_How to complete this task:_
All of the data must be output exactly, with every picture left out.

_Data below:_
# # #

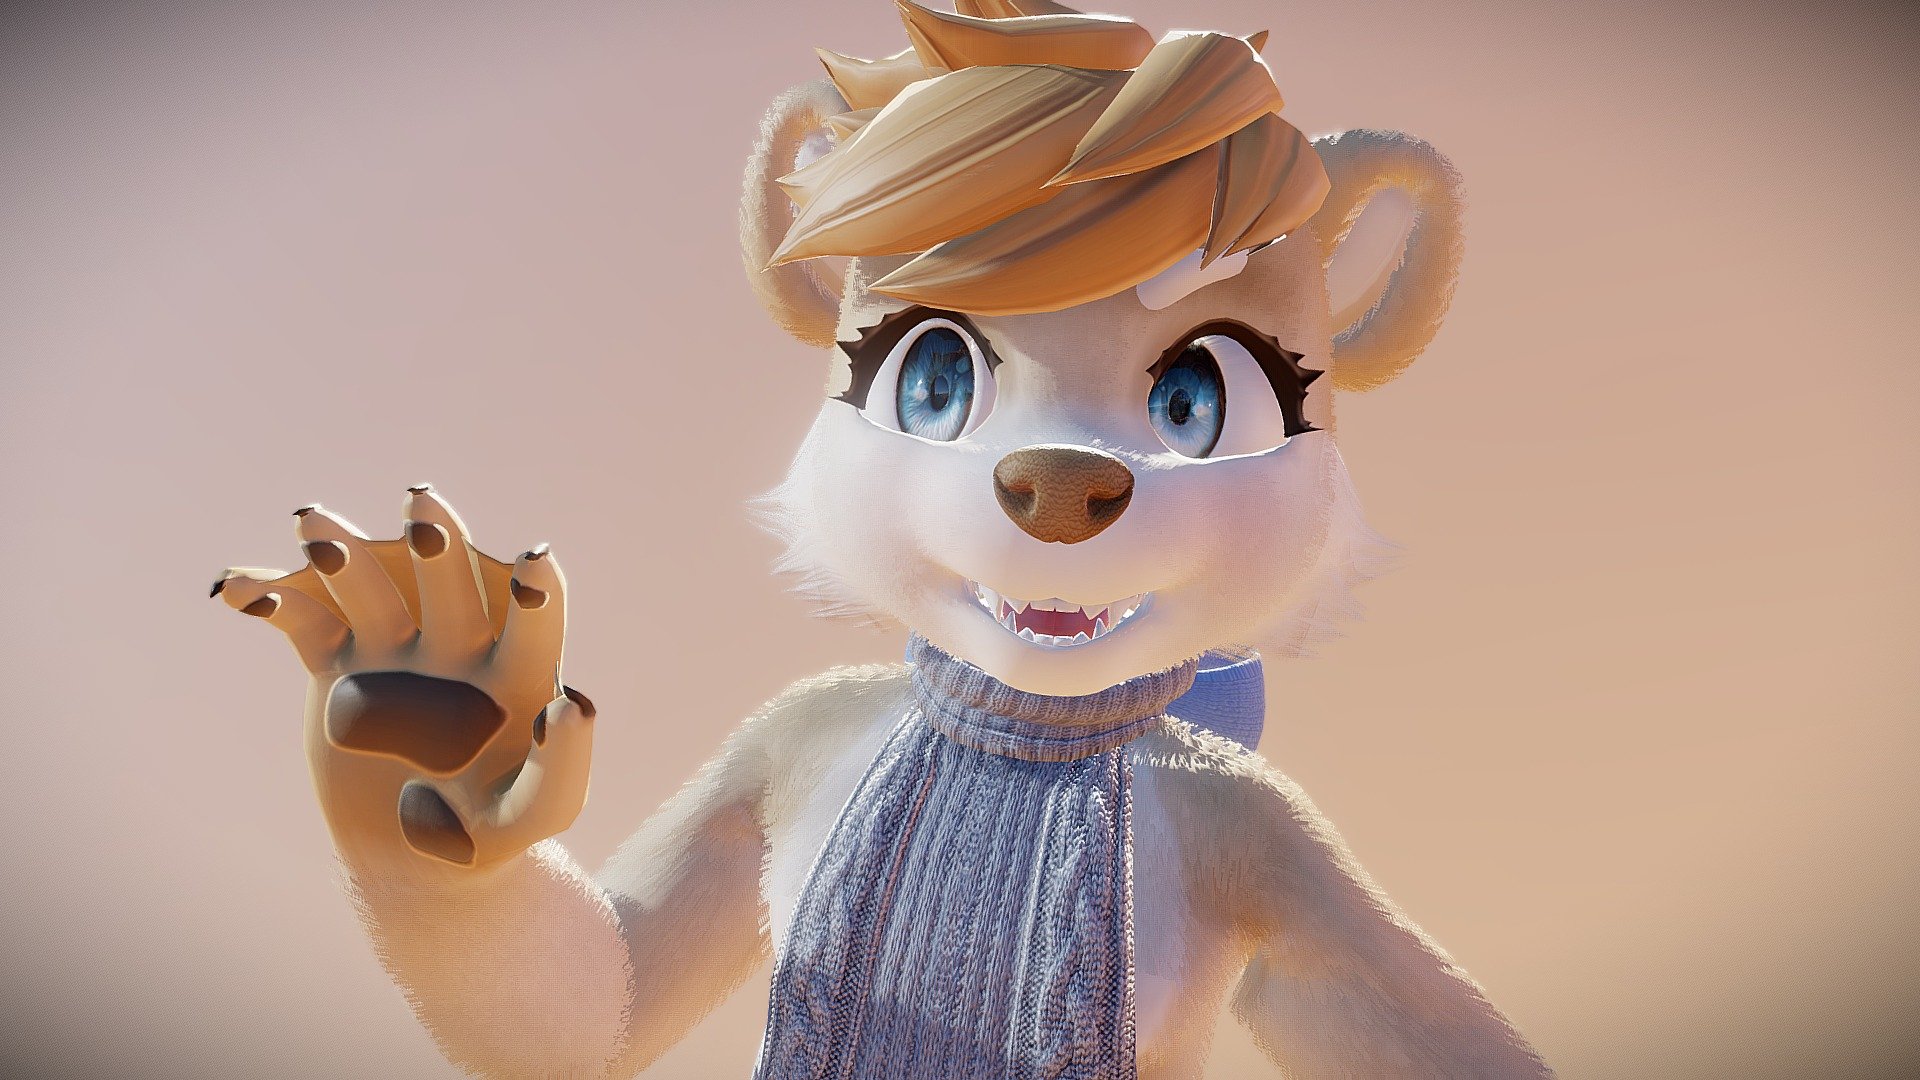 Commissions https://www.furaffinity.net/commissions/hickysnow/ - Reks - 3D model by HickySnow (@Hicky_Snow) 3d model
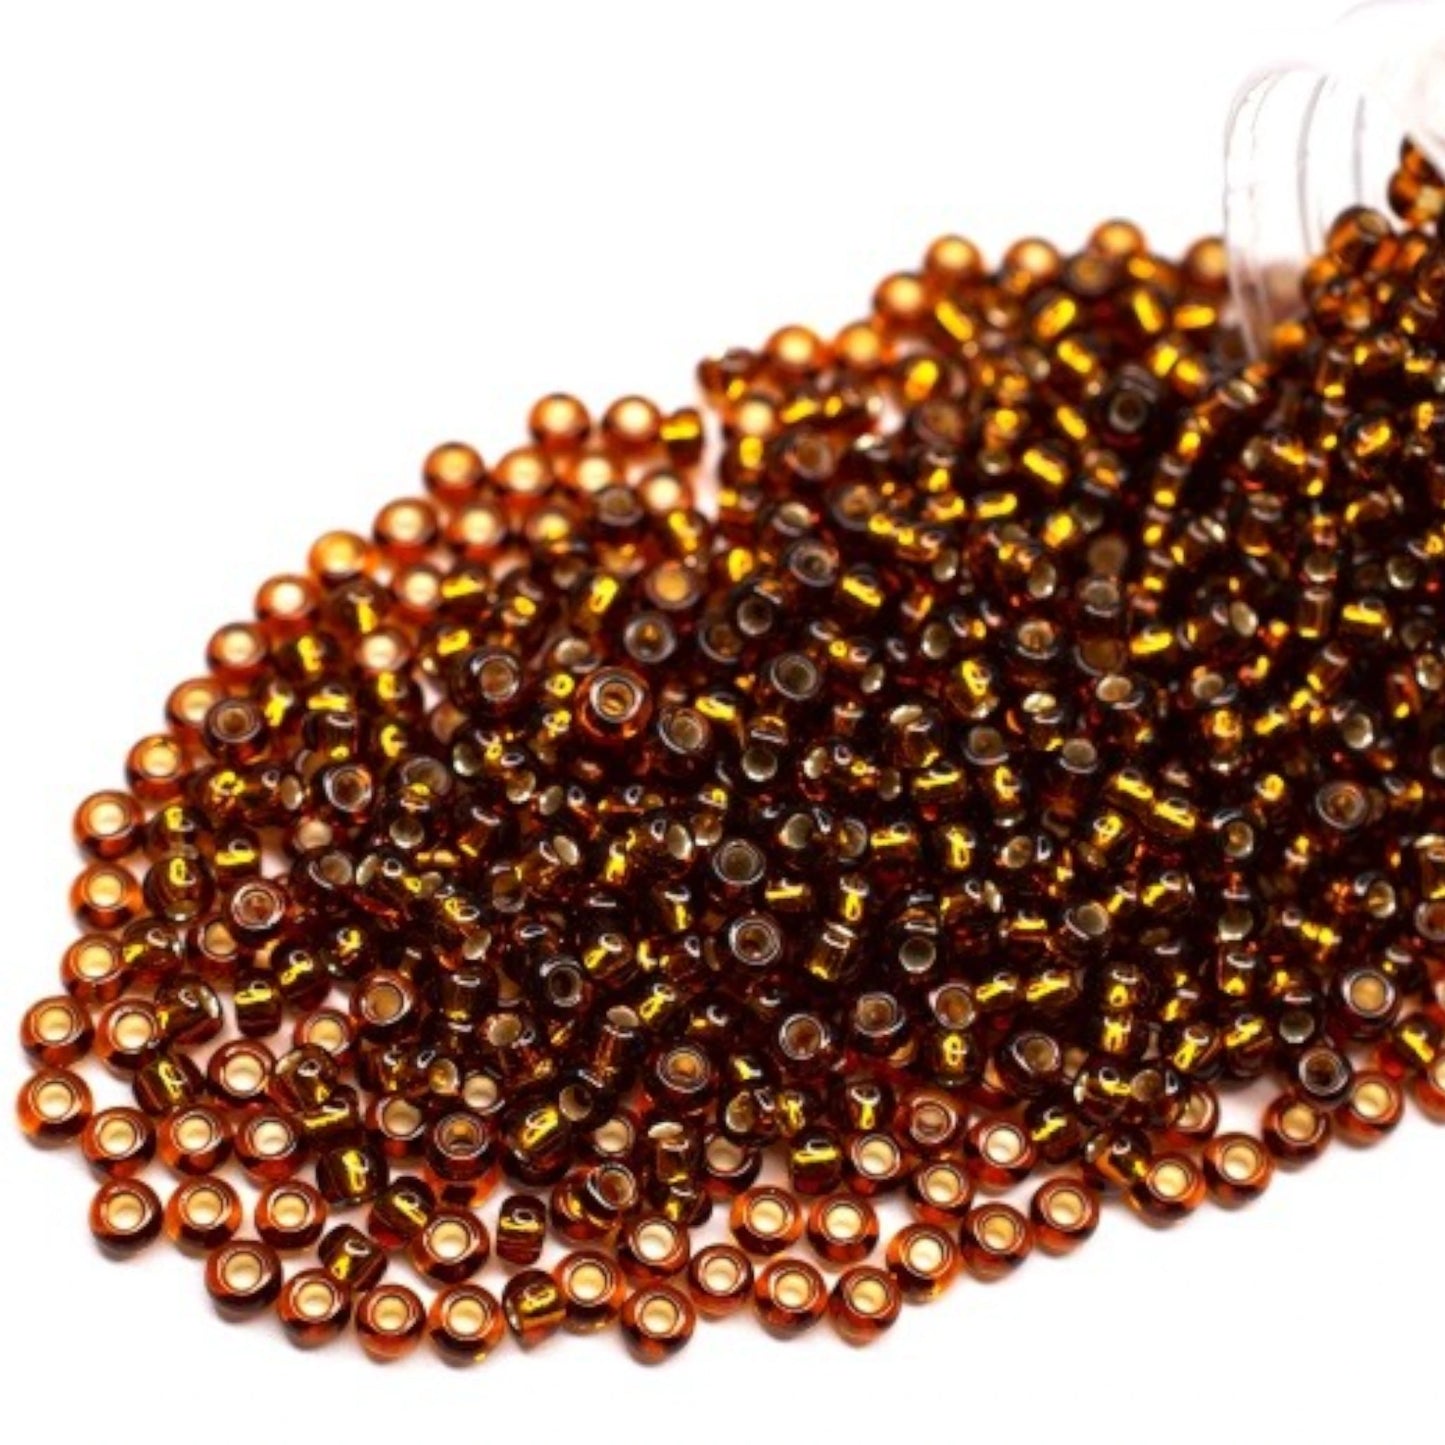 10/0 17110 Preciosa Seed Beads. Brown transparent Silver lined.
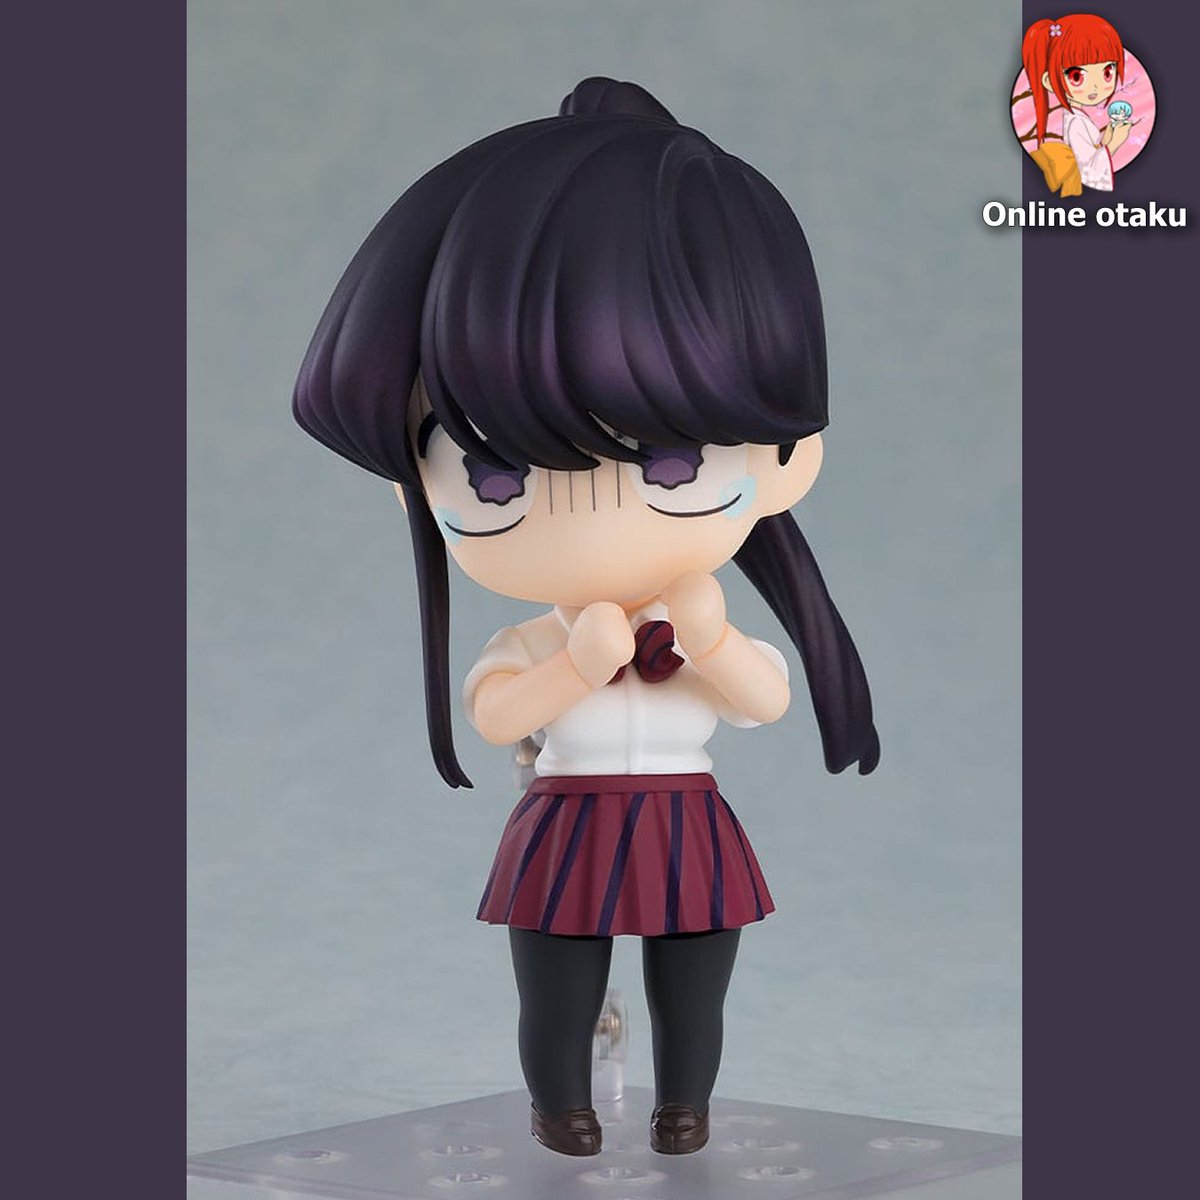 💬 Express yourself with our Komi Can't Communicate Nendoroid Action Figure of Shoko Komi in Ponytail Ver! Order now to bring this adorable figure to your collection: online-otaku.com/en/shop/item/2… #KomiCantCommunicate #ShokoKomi #Nendoroid #OnlineOtaku #AnimeFigure #FigureCollection

# # #

_Answer for this exercise:_
 Commissions https://www.furaffinity.net/commissions/hickysnow/ - Reks - 3D model by HickySnow (@Hicky_Snow) 3d model
 10/0 17110 Preciosa Seed Beads. Brown transparent Silver lined.
 💬 Express yourself with our Komi Can't Communicate Nendoroid Action Figure of Shoko Komi in Ponytail Ver! Order now to bring this adorable figure to your collection: online-otaku.com/en/shop/item/2… #KomiCantCommunicate #ShokoKomi #Nendoroid #OnlineOtaku #AnimeFigure #FigureCollection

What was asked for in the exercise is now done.